From Nothing to Everything

Pause Reflect Transform

Author: Nuzla Nawaz

Would you believe that I learnt one of the most important life lessons while watching Pooh Bear? Many years ago, while watching ‘Christopher Robin,’ a cherished movie to this day, I learnt from Pooh that ‘doing nothing leads to something.’ At that point in life, I was a mum with the ‘rushing-woman syndrome,’ and indeed, it hit me differently! Many years after reflecting on the woman I have become today, I am proud to say that I am a ballerina, poised with grace as the world rushes past me.

 

Once upon a time, I was a mum and a wife with a never-ending to-do list, a wealth of love in my heart, and, unfortunately, a whole lot of complaints along with a multitude of resentments. It was a time in my life when everything overwhelmed me. While rushing to get my household chores done, keep the house spic and span, meet work deadlines and financial responsibilities, do school runs, care for my loved ones, and do a zillion other things that needed doing, I found myself on an emotional high, waging war within myself as well as with the ones I love, unknowingly and sometimes knowingly.

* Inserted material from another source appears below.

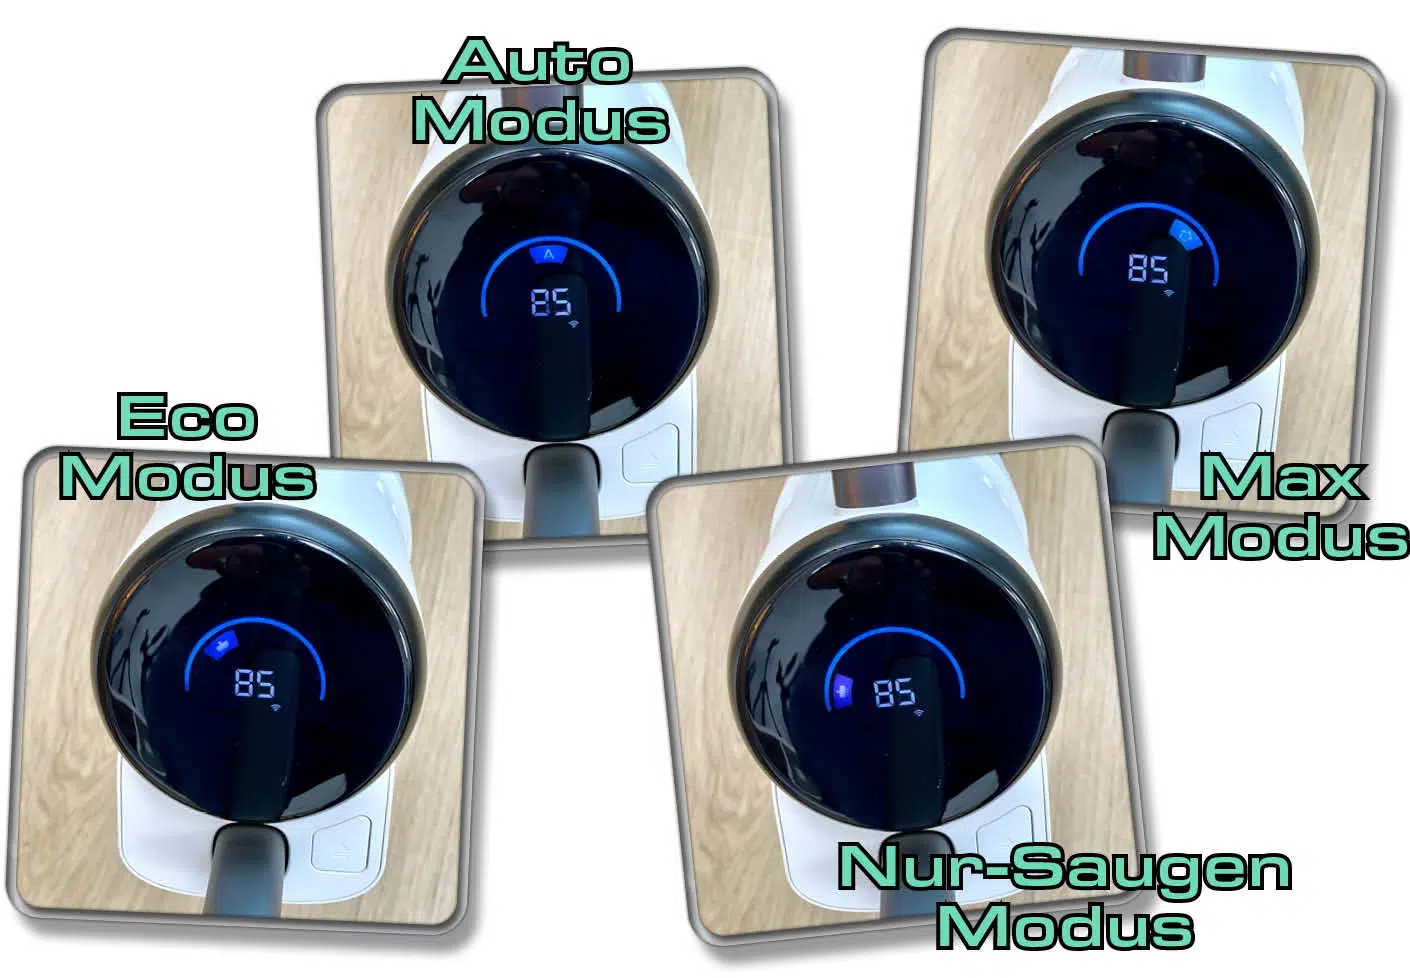 Der Roborock Dyad Pro Combo verfügt über verschiedene Modi, die über die Knöpfe eingestellt werden können

Due to my daily battle with my never-ending to-do list and overcharged emotions on the verge of erupting like Mount Fuji, my loved ones were walking on eggshells around me. Tears well in my eyes when I think that the people I wanted to serve with love were seen as responsibilities and sometimes as another burden to shoulder alone.

 

I remember coming home late after work, having listened to my children in school, only to lose my temper with my very own. Having been my bubbly self with the outside world, only to be frustrated with my husband and children. Many a day, in between my rushing, I have wondered how it is that my family expected me to be a ‘superwoman!’ As I write this, I am smiling, thinking of that moment when it suddenly dawned on me, quite out of the blue, that nobody expected me to be a ‘superwoman’ other than myself! So my vehement mantra, “I’m not a superwoman! I’m only human!” said in anger at my family during my vexed moments, was left hanging in the air until one day, one moment, I caught the words I threw so carelessly around and strung them together in a moment of silence to make sense of it all.

 

 

The power of that moment… I chose to pause and it has changed the way I live life today. Since that moment, I have made intentional decisions rather than rushing through life. It has taken me many years, many trials, and much reflection to finally understand and finally zoom in on ‘what I REALLY WANT in LIFE.’

 

Learning to pause does take quite a lot of work. A lot of unlearning. A lot of new learning. The more I practiced and continue to consciously practice pausing, I found and find freedom! Exhilaration!

 

In our fast-paced lives, pausing might feel like an elusive skill people talk about cultivating. You might feel that it is for the ones who have succeeded in life and somehow or the other manifested this time. I believe, through my own experience, that pausing and resetting is not about going on a vacation. It can be that too. However, for me, this has multiple dimensions. It is about pausing moment to moment to re-set during our busy workdays, to find pockets of peace, to feel rejuvenated, and to have calmness of mind. It can be to pause before responding in a manner that you might regret later as well. It can even be about being present in the moment to enjoy the essence of the experience while my daughter talks about her love for BTS or my son talks about his newfound interest in volleyball through anime and how the school disciplinarian confiscated the volleyball while taking in their play of emotions on their innocent faces that I so dearly love. Drinking my morning cup of tea, gazing at the fish darting in the tank, thinking of what lies ahead in the day is pausing for me. Waking up early to have a few quiet hours to reflect and journal, one hour of exercise, as well as making plans for my new career move is pausing for me. Whether it is catching a family movie with my kids, going on a weekly date with my hubby, or finding little pockets of time for our family gratitude circle before bedtime or a walk at the Bellanwila walking path, I have realized that I have finally started living life the day I started to pause. I started really living for what I wanted and what I loved.

 

This profound treasure I have come upon is just the beginning, Alhamdulillah! As I walk on this path, I tell myself to be consistent and conscious of the need for balance along with compassion for myself, as Rome was not built in a day.

 

The power of the pause has been quite phenomenal for me. It can be for you too.